On your way here, it’s likely that you’ll think you’re lost at some point along the way. I pulled over to look at the map on my laptop. A magical open wifi connection called ‘COSMOS’ told me I was fine and still had five miles to go. Once I found parking and walked across the fields, I had a Pomegranate Chip cone.
Just in case you were wondering, this place has no connection to the transcendentalist Utopian community Brook Farm. That place was founded in the 1840s in West Roxbury and now only has a few vestigial buildings still standing. This place was founded in the 1940s in Carlisle when Holsteins were first brought to this property.
Located on over a thousand acres, this is far more than an ice cream parlor. The indoor area where cones are distributed has an array of picnic tables and two windows that look right into the milking pens for the cows. They really honor the cow, providing lots of interactive displays and signs with odd bovine facts everywhere you turn.

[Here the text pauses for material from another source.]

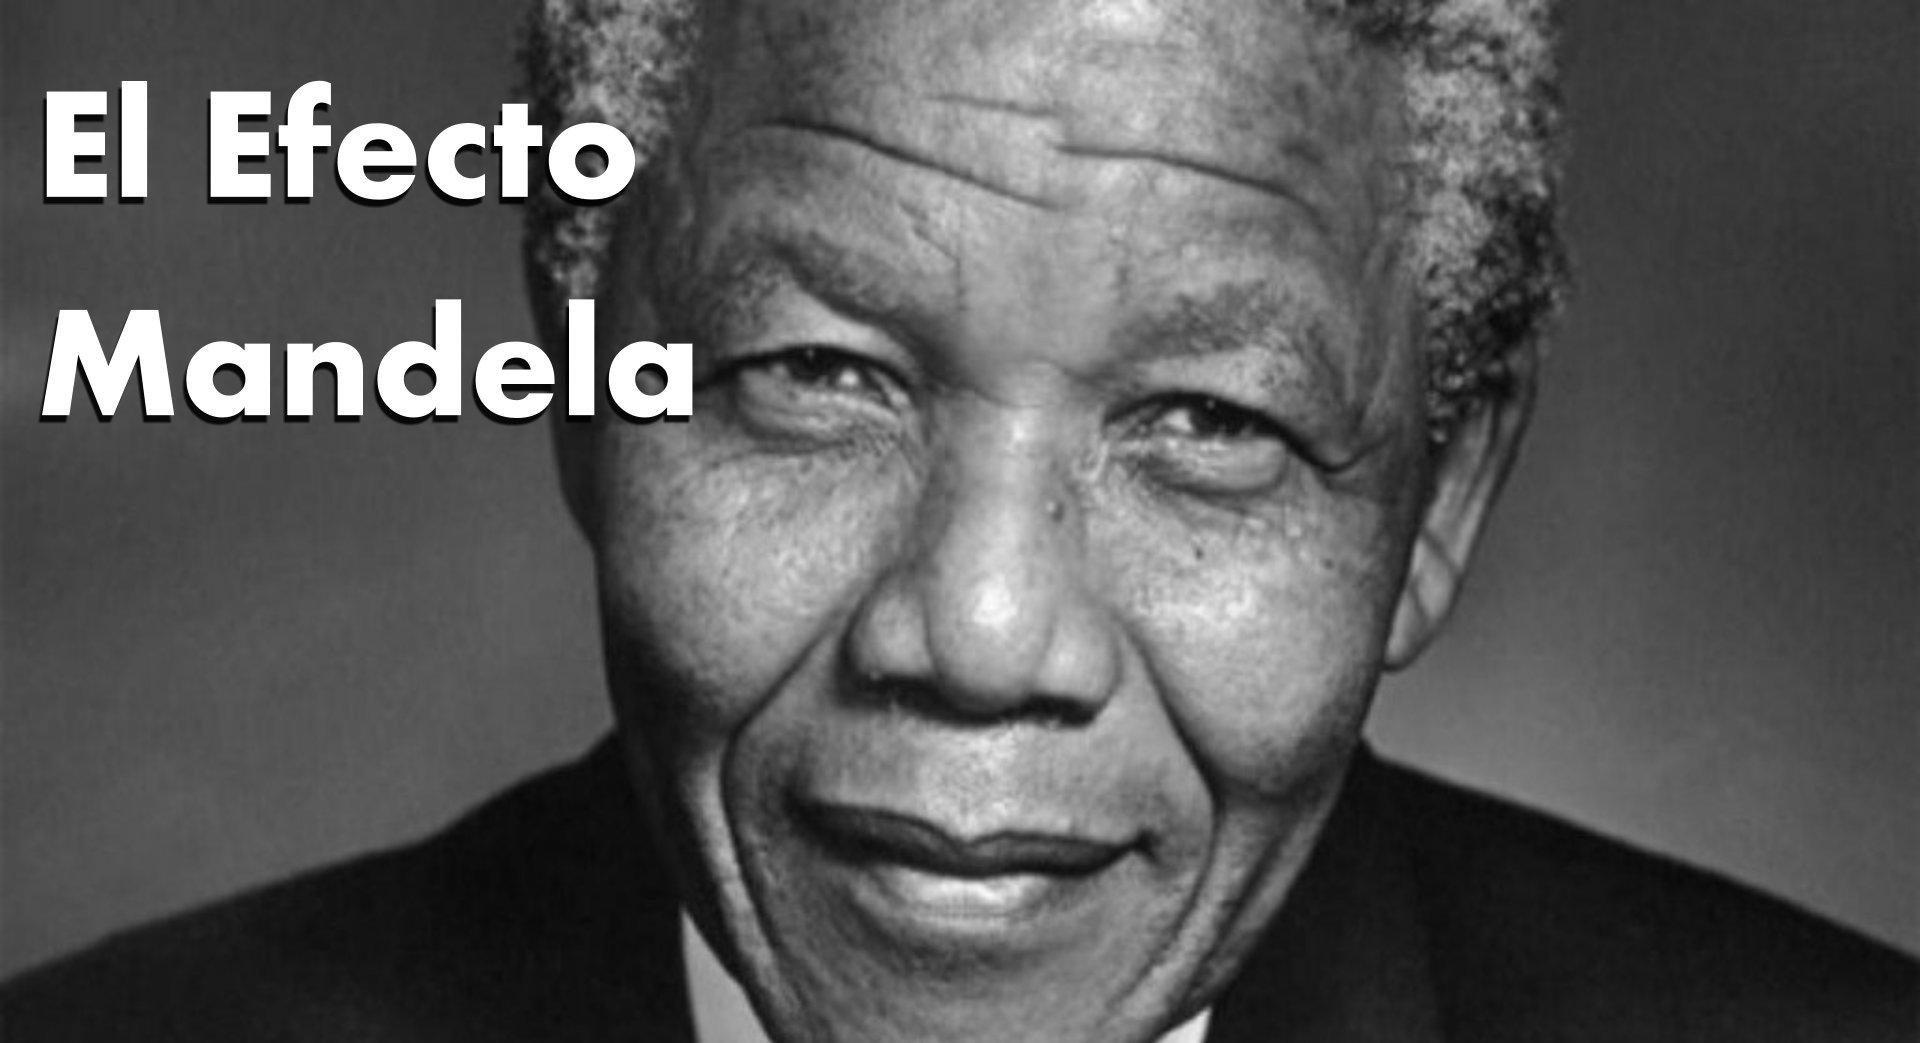 El efecto Mandela explicado y el mundo de los falsos recuerdos 4

With this being a state park, it does cost $2 to park for the day. If you’re just stopping off for a cone, it’s free as long as you don’t linger beyond thirty minutes. Most of the paths lead to the barns, but if you’ve been spun around, there are signs that keep pointing you in the correct direction. In the wintertime one of the barns is converted into a chalet and many trails are open for cross-country skiing.
My first taste was of the ginger, which was as decadent as creaming crystallized ginger can possibly seem. Not sure I could tackle an entire cone of that, I went for the pomegranate chip, another of the more than 60 flavors offered. The chips were secondary to the ice cream itself, with the tang of the fruit really colliding with the cream and creating something that almost tastes like a frozen yogurt. Pomegranate can be a very subtle fruit (aside from the mess it makes as it stains everything in its wake), and they have harnessed it to maximum potential here.
Being situated this near so many trails means that merely walking here almost makes the net calorie count zero. Best thing I overheard: one woman to another as they turned to a flowering field, “He likes being held, he prefers it to walking.” How young was her son you ask? Nope, she was lugging around a bunny.